ROME (JTA) – Italy has conferred one of its highest honors on one of the few Italian Jews who survived Auschwitz.
In a decree issued Friday, Italian President Sergio Mattarella named Liliana Segre, 87, a Senator for Life – and he personally phoned her to tell her the news.
The recognition was announced in the run-up to the commemoration of International Holocaust Remembrance Day on January 27, and received wide coverage in local media.
Italy this year is marking the 80th anniversary of the imposition of anti-Semitic racial laws in 1938. “Life is very strange,” Segre said she told Mattarella when he called. “I’m so old that unfortunately I remember the racist laws from 80 years ago. At that time, my fault was having been born.” Today, she continued in an interview with the Jewish publication Pagine Ebraiche, “it’s being recognized as a merit.”
Born in Milan, Segre, was deported to Auschwitz at the age of 13 with her father and about 600 others on Jan. 30, 1944. Segre was among only 22 who survived. Her father died in Auschwitz, as did her paternal grandparents who were deported later.

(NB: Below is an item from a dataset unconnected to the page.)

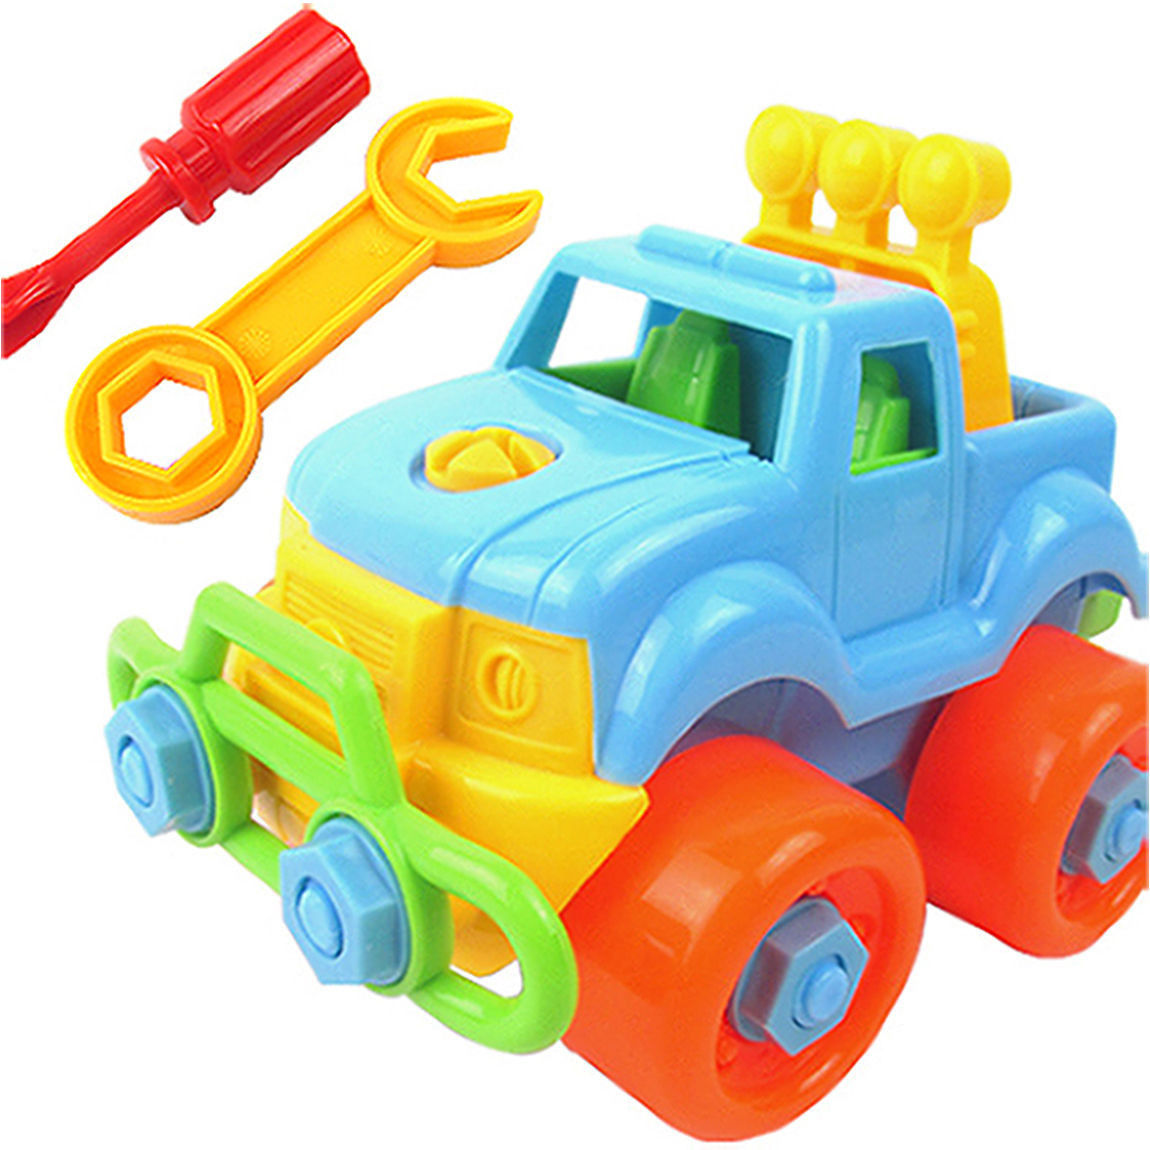 Funny DIY Disassembly Car Truck Developmental Toddler Baby Girls Boys Toy Gift Children Toys

More than 8,000 Jews were deported from Italy, most of them to Auschwitz. Only about 1,000 survived. It is believed that out of 776 children under the age of 14 deported from Italy to Auschwitz, only 25 survived – Segre among them.
In recent decades Segre has been active in speaking out about her experiences and educating young people in particular about the Holocaust. She was one of the founders of the Holocaust Memorial in Milan’s main train station. It is located in the former loading area beneath Track 21, from which she and hundreds of others were deported. A large inscription on the wall of the memorial space reads “Indifference.”
Starting in 2015, the memorial has offered its space as a hospitality center for refugees from more than two dozen countries.